Rep. Price said he crafted the amendment to address criticisms leveled against alternative-pay language in a draft bill to reauthorize the No Child Left Behind Act, released earlier this year by the House education committee. Teachers’ unions vehemently oppose the provision in the draft bill because of language linking increased pay to student test scores and because they say it would infringe on collective bargaining rights.

Rep. Price said his amendment would require any performance-based pay program to be developed with “buy-in” from teachers, and that districts would not be required to take test scores into account in determining pay increases.

The provision “is not prescriptive, it is flexible in its application,” Rep. Price said. But Rep. Miller said he would oppose the amendment, although he added that the committee would revisit performance-based pay, most likely in the reauthorization of the NCLB law.

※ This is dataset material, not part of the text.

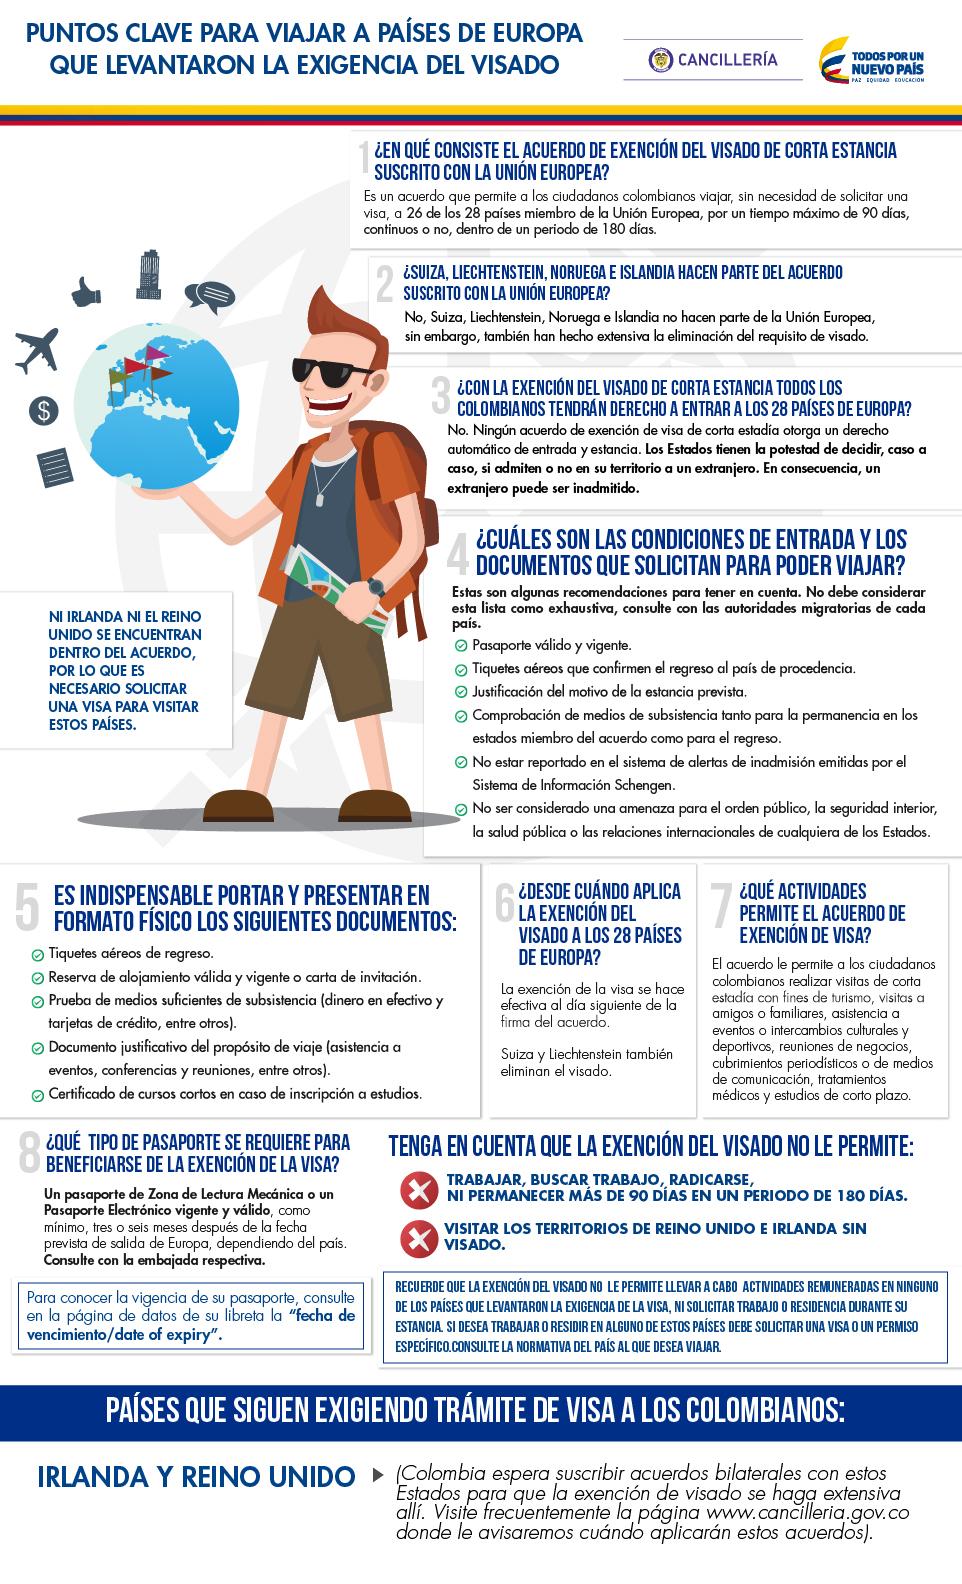 Requisitos para viajar a españa como turista desde chile

“I’m no stranger to this controversy,” Rep. Miller said. “I’ve been an outspoken proponent of performance-based pay.” But he added, “When you have existing collective-bargaining agreements, it’s very clear that they have to be respected. Before we’re going to advance language from this committee, we’re going to figure out how that can be done.”

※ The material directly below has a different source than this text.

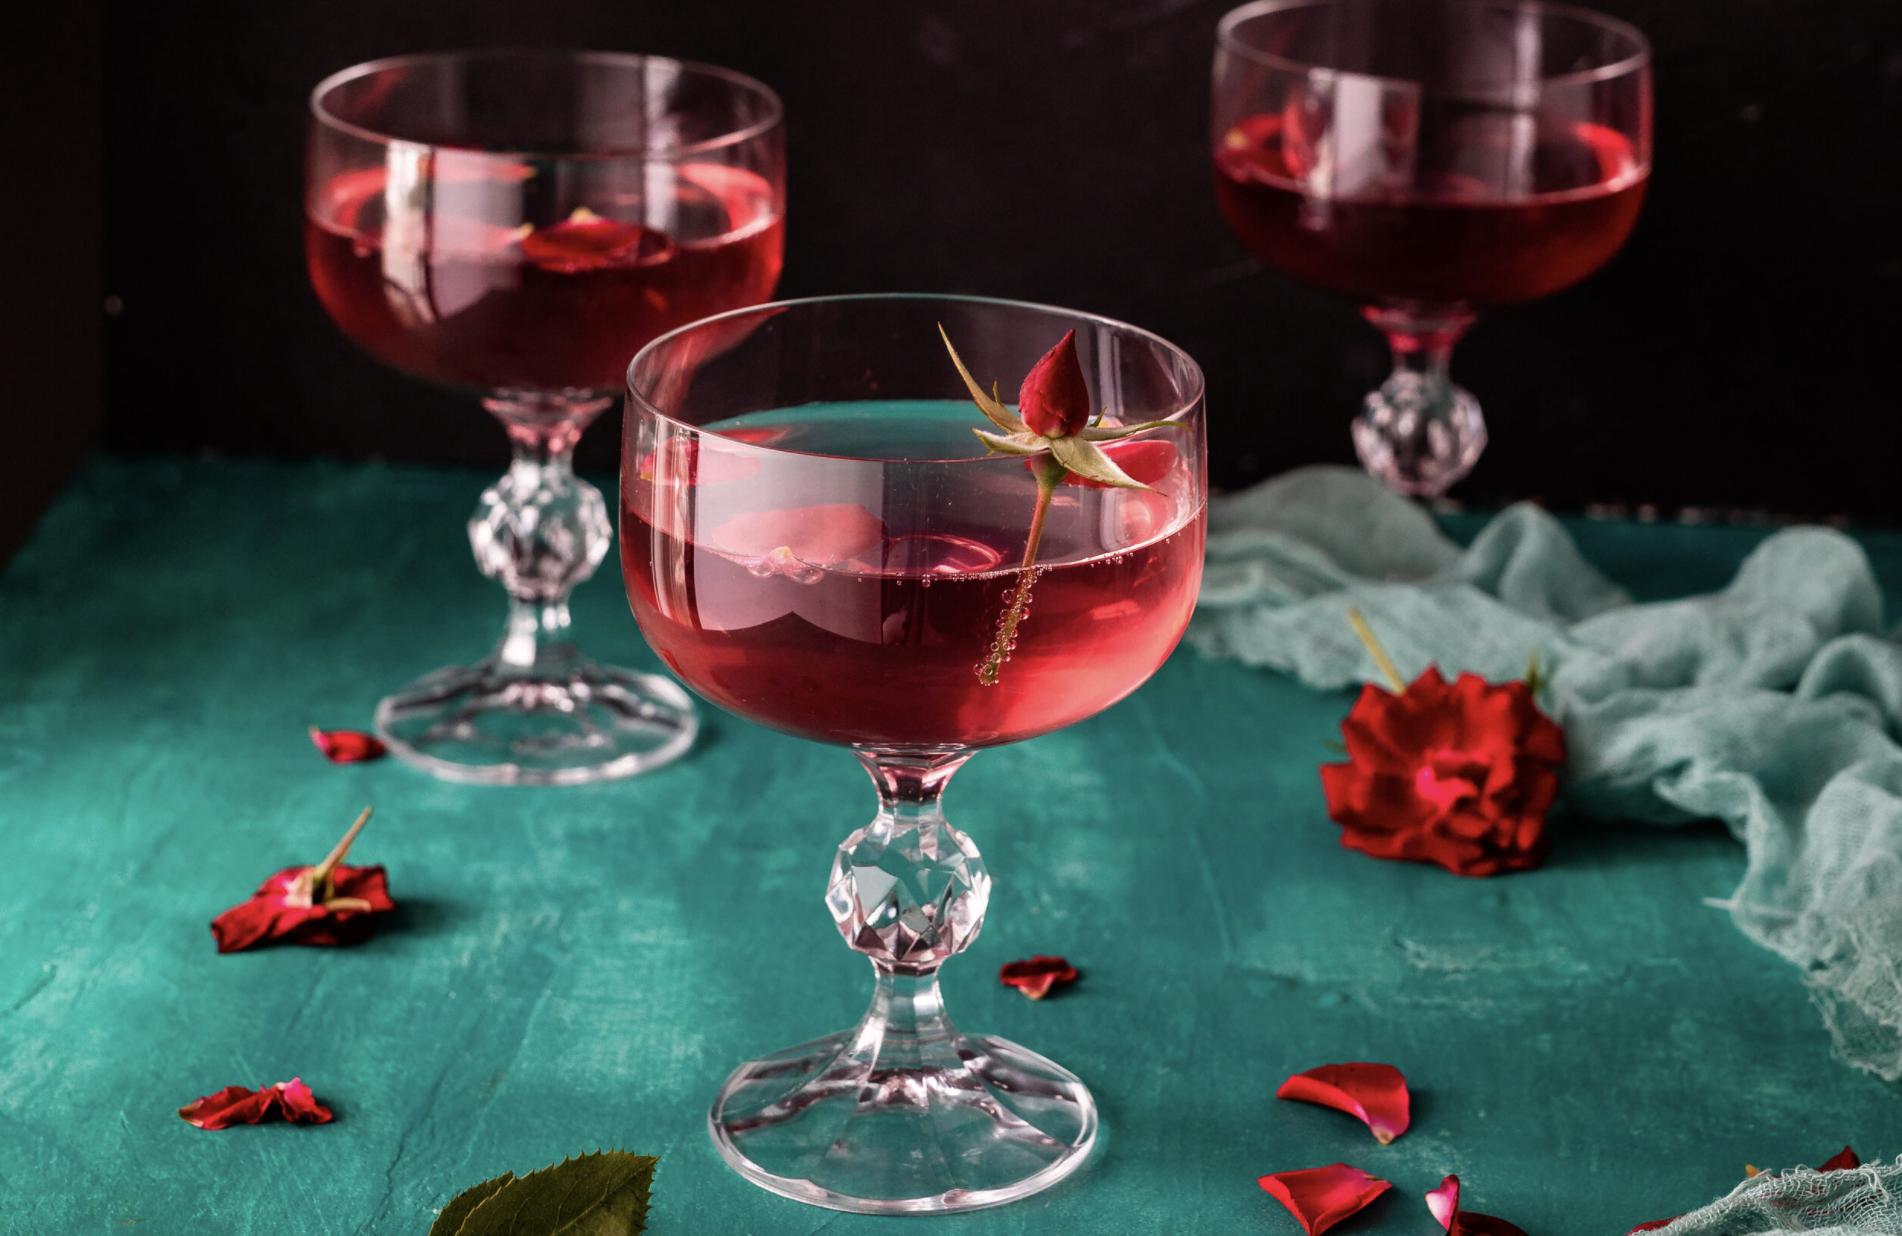 Rose Petals & Cardamom Syrup

The amendment was defeated on a largely party-line vote, 26-16.

Adjunct-Teacher Idea Fizzles

Rep. Cathy McMorris Rodgers, R-Wash., introduced an amendment that would create an Adjunct Teacher Corps, which would allow professionals from outside education to lead classes in mathematics, science, and other subjects in which there is a shortage of qualified teachers.

Schools receiving grants under the amendment would have to provide preservice training and mentoring from certified teachers. President Bush proposed similar programs in his fiscal year 2007 and 2008 budget requests, but Congress has not provided funding for them.

“People like Bill Gates could teach computer science,” Rep. McMorris Rodgers said. “We have experts who want to help meet our qualified teacher shortage.”

Rep. Rush Holt, D-N.J., said he thought the Adjunct Teacher Corps amendment was “on the wrong track. It’s based on the assumption that Bill Gates would be a good teacher … [This would] essentially shortcut all of the steps in [training] a teacher who knows the pedagogy as well as the subject matter.” That amendment was defeated on a largely party-line roll call vote, 25-19. The education committee also approved an amendment that would permit applicants who were denied grants under the TRIO program, which help prepare students for college, to appeal such decisions before an administrative law judge. The measure was approved on a largely party-line vote, 29-15.

The committee unanimously accepted an amendment offered by Rep. Rob Bishop, R-Utah, that would prohibit a national curriculum for teacher education.